Apple is struggling in the AI battle, and it knows it. But the tech giant isn’t one to give up without a good fight. The Cupertino-based company has introduced a ‘Foundation Models’ framework, which gives developers access to a 3-billion parameter on-device model. The model supports 15 languages, processes both text and images, and is optimised for performance on Apple Silicon.
Apple’s 3B parameter language model can handle a wide variety of text-based tasks, including summarising, extracting key information, understanding and improving text, handling brief conversations, and creating original content.
It now faces direct competition from Google’s Gemma 3n, which runs on phones, tablets, and laptops. The model supports text, image, and audio inputs, includes advanced video processing capabilities, and operates with a dynamic memory footprint of just 2 to 3 GB, enabled by Google DeepMind’s per-layer embeddings innovation.
Its audio features support reliable speech recognition and spoken language translation. The model is also built to interpret combinations of different input types for more complex use cases.

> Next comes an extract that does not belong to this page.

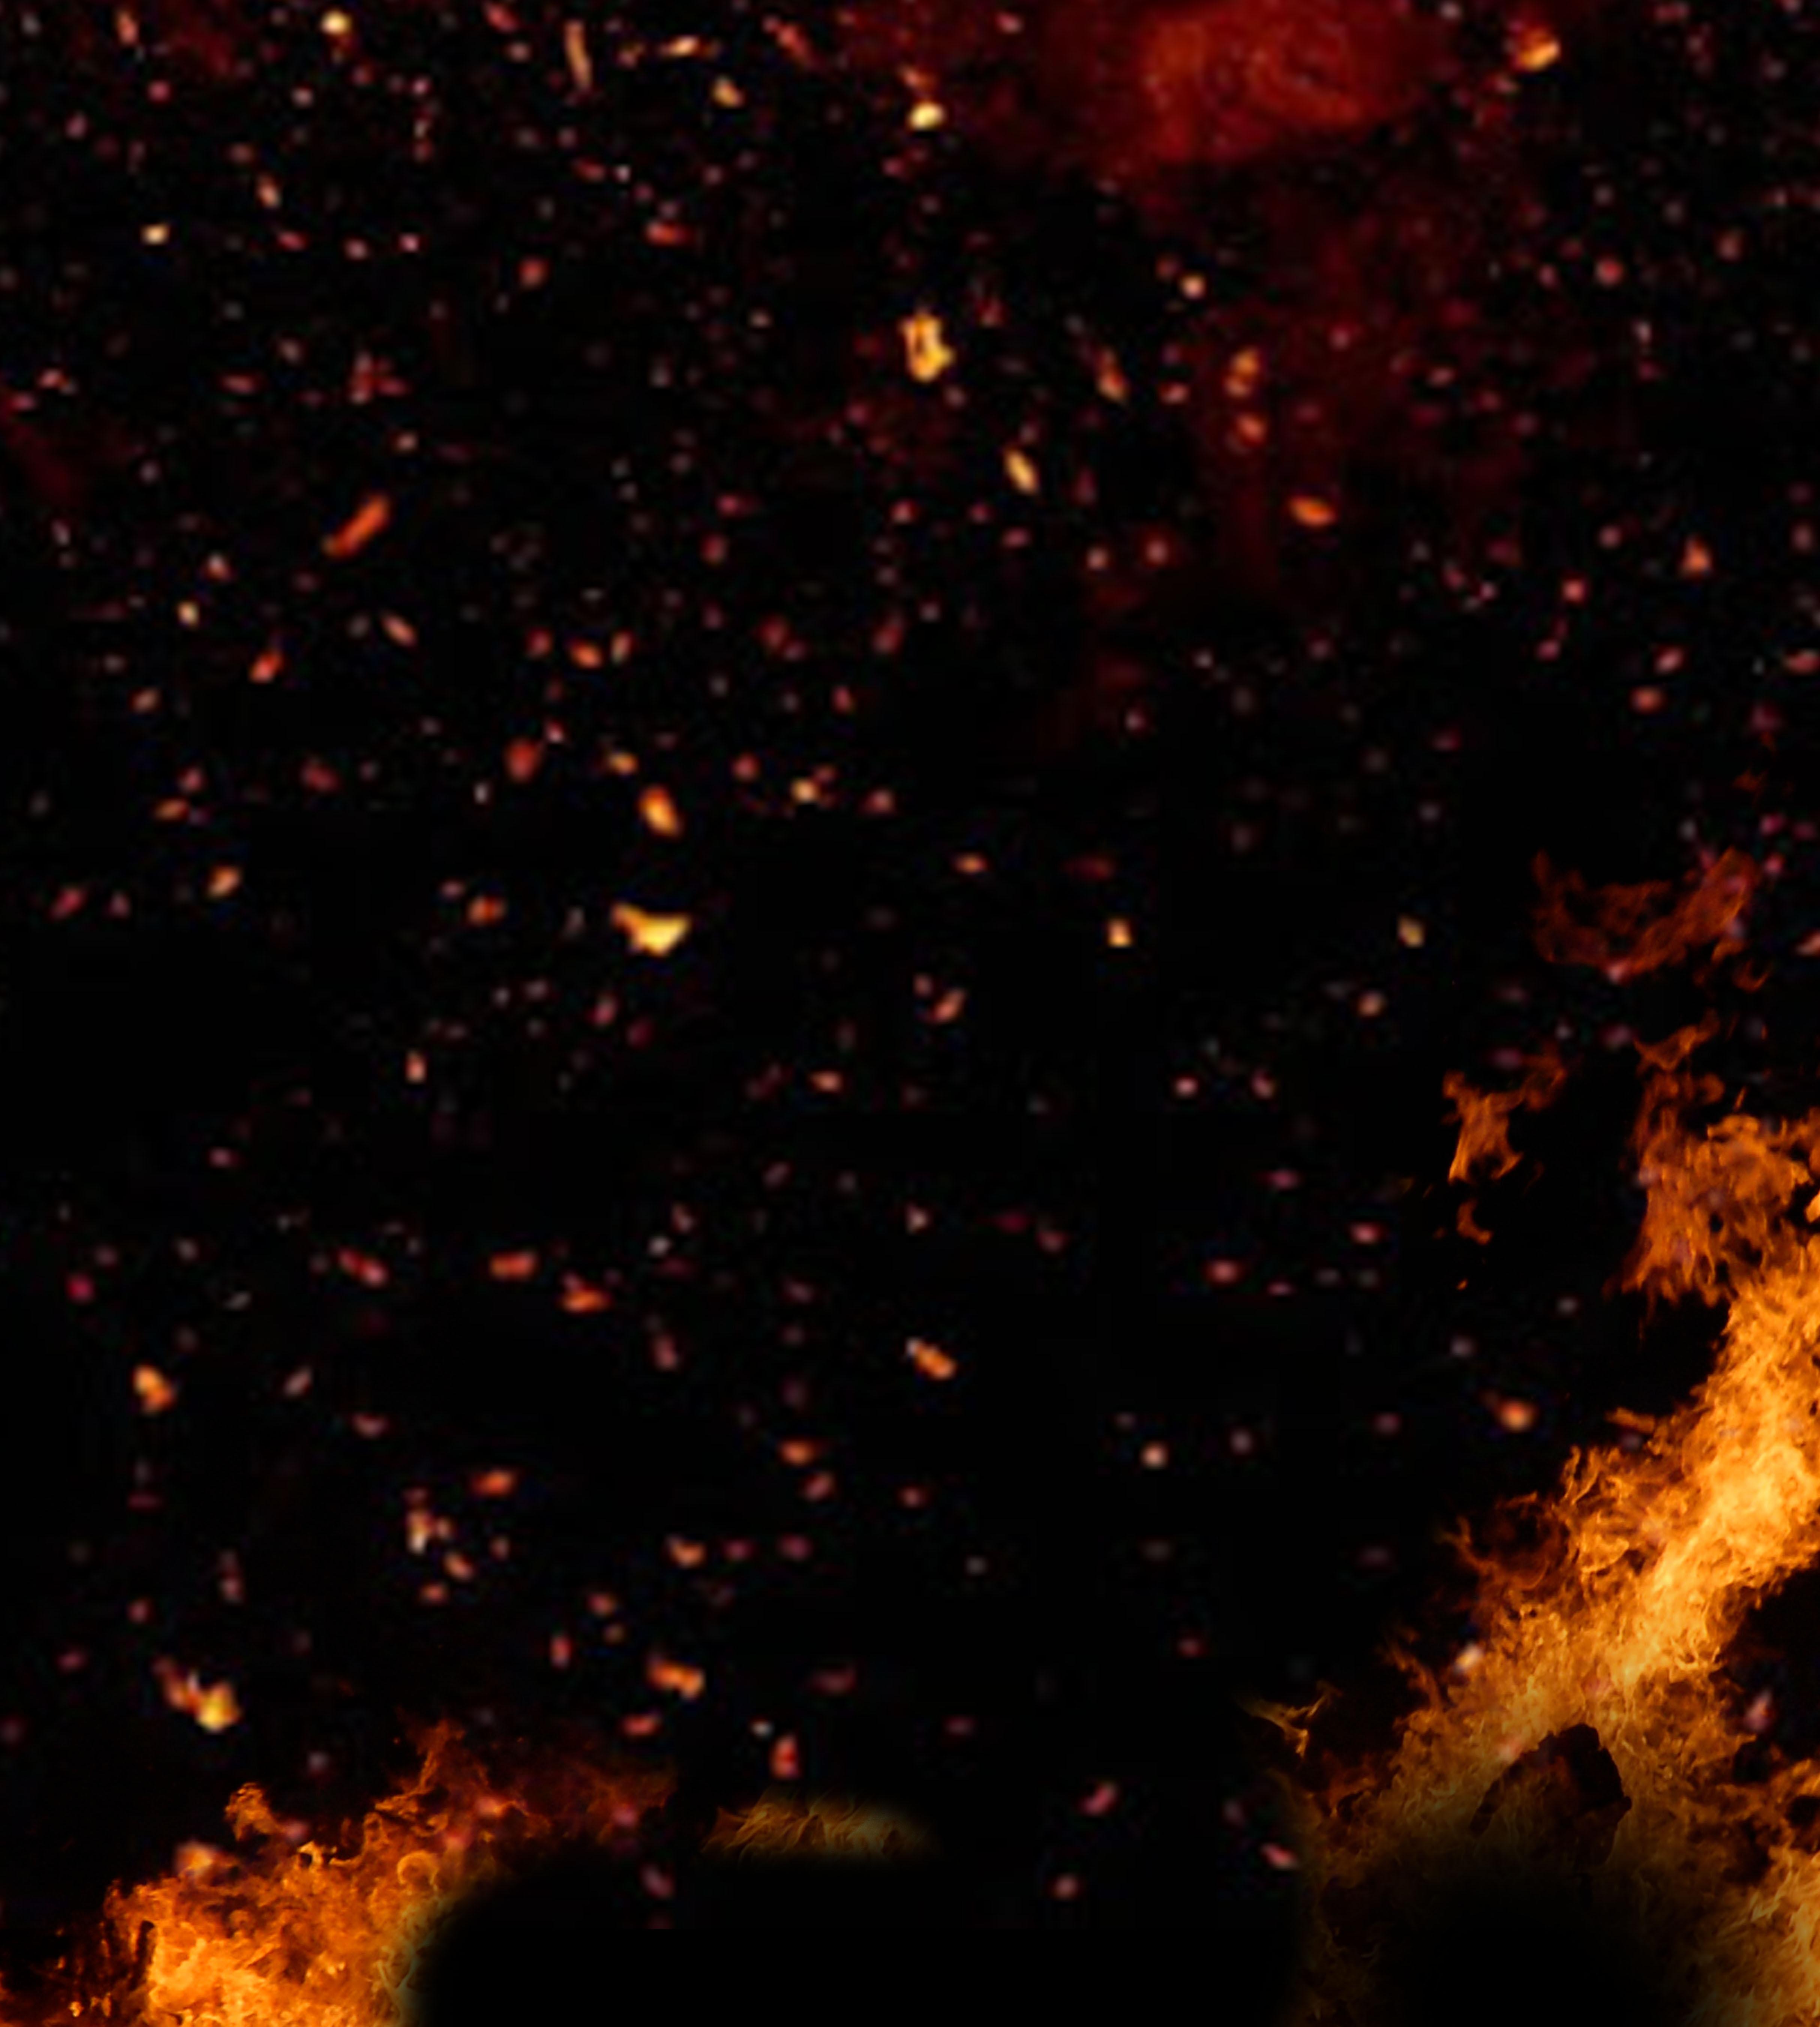 fire overlay sparks

Though the two models share similar goals, Gemma 3n is a better fit for developers and users, thanks to its multimodal capabilities and open-source approach. Google collaborated with Qualcomm Technologies, MediaTek and Samsung’s System LSI business to optimise performance in a wide range of hardware.
In contrast, Apple Intelligence takes a hybrid approach, combining on-device processing with cloud-based computation. While Apple’s neural processing units (NPUs) handle fast tasks locally, more complex queries often rely on server-side processing, which requires an internet connection.

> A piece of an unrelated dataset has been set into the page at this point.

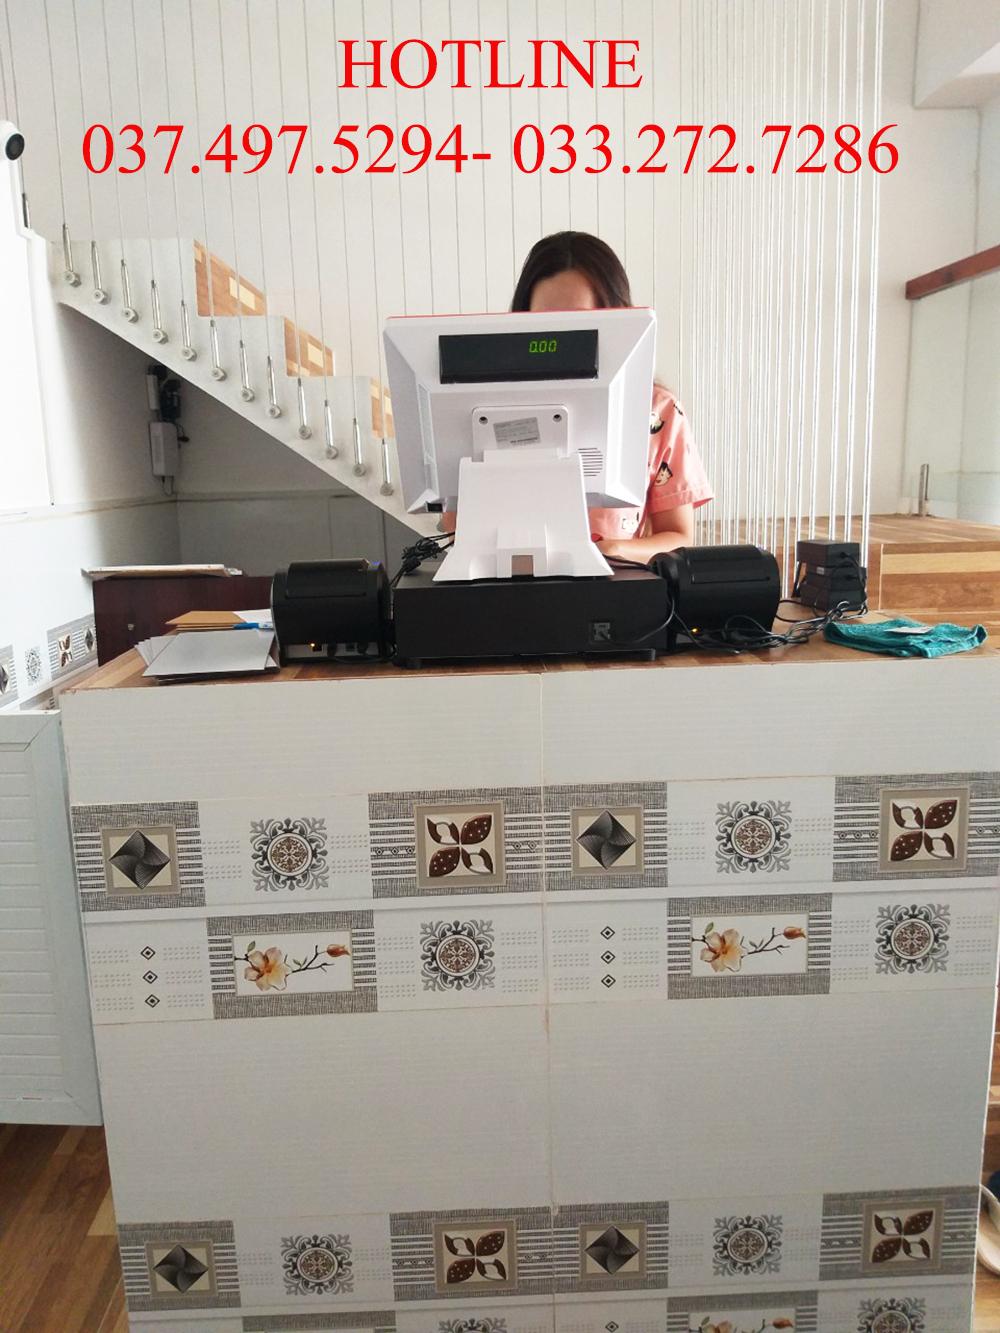 4 Lắp đặt bộ máy tính tiền cho quán lẩu nướng

“Apple doesn’t report benchmarks for their AIs, reporting on an ill-documented head-to-head evaluation. But even by their standards, Apple’s latest on-device models are mostly worse than the open Gemma 3-4B from Google or Qwen 3-4B,” said Ethan Mollick, professor at Wharton University, in a post on X.
On the LMArena leaderboard for text-based tasks, the Gemma 3n scored 1293 points. In comparison, OpenAI’s o3-mini scored 1329 points, and the o4-mini scored 1379 points.
Android vs iOS Ecosystem
Lately, Google has been pushing AI deeper into the Android ecosystem, letting smartphone users run large language models locally without needing an internet connection.
To support this, the company introduced Edge Gallery, a new Android app that allows users to download and use its AI models directly on their devices. The app is available through the Google AI Edge GitHub repository, and an iOS version is expected soon.
“This app is a resource for understanding the practical implementation of the LLM Inference API and the potential of on-device generative AI,” the company said in a blog post.
Google has the advantage of the Android ecosystem as well. As of 2025, Android’s global user base ranges from 3.9 billion to 4.5 billion, making up approximately 71 to 72% of smartphone operating systems in use. iOS trails with 1.56 to 1.8 billion users, holding a market share close to 28 to 29%.
However, Apple is stepping up its AI game with features that feel genuinely useful. Live Translation helps you chat across languages in real time, even on calls. Image Playground and Genmoji let you create expressive, custom visuals. Visual Intelligence can understand what’s on your screen and take action. And for fitness buffs, Workout Buddy delivers live motivation based on your workout stats.
In a recent interview, Apple’s marketing chief, Greg Joswiak, said that Apple’s approach to AI is different from its competitors. Rather than offering a standalone AI app or chatbot, Apple is integrating generative AI quietly and deeply into the operating system.
“There’s no app called Apple Intelligence. Sometimes, you’re doing things and you don’t even realise you’re using Apple Intelligence or, you know, AI to do them,” said Joswiak.
Apple claims its on-device model outperforms Qwen-2.5-3B across all supported languages, and holds up well against Qwen-3-4B and Gemma-3-4B in English. Meanwhile, its server-based model compares favourably with Llama-4-Scout, though it still lags behind larger models like Qwen-3-235B and GPT-4o.
Yet, Siri received barely a mention during WWDC 2025. Addressing this, Apple’s software chief Craig Federighi explained that the company had a two-phase architecture and working demos in place, but the quality and reliability fell short of Apple’s internal standards, particularly when handling unpredictable and open-ended queries.
Although parts of the system were functional, Apple chose not to release a product that did not meet its bar.
Apple may be playing the long game, but in the fast-moving world of AI, time is a luxury it can’t afford. With Google setting the pace, Apple now faces a future where quiet integration alone may no longer be enough.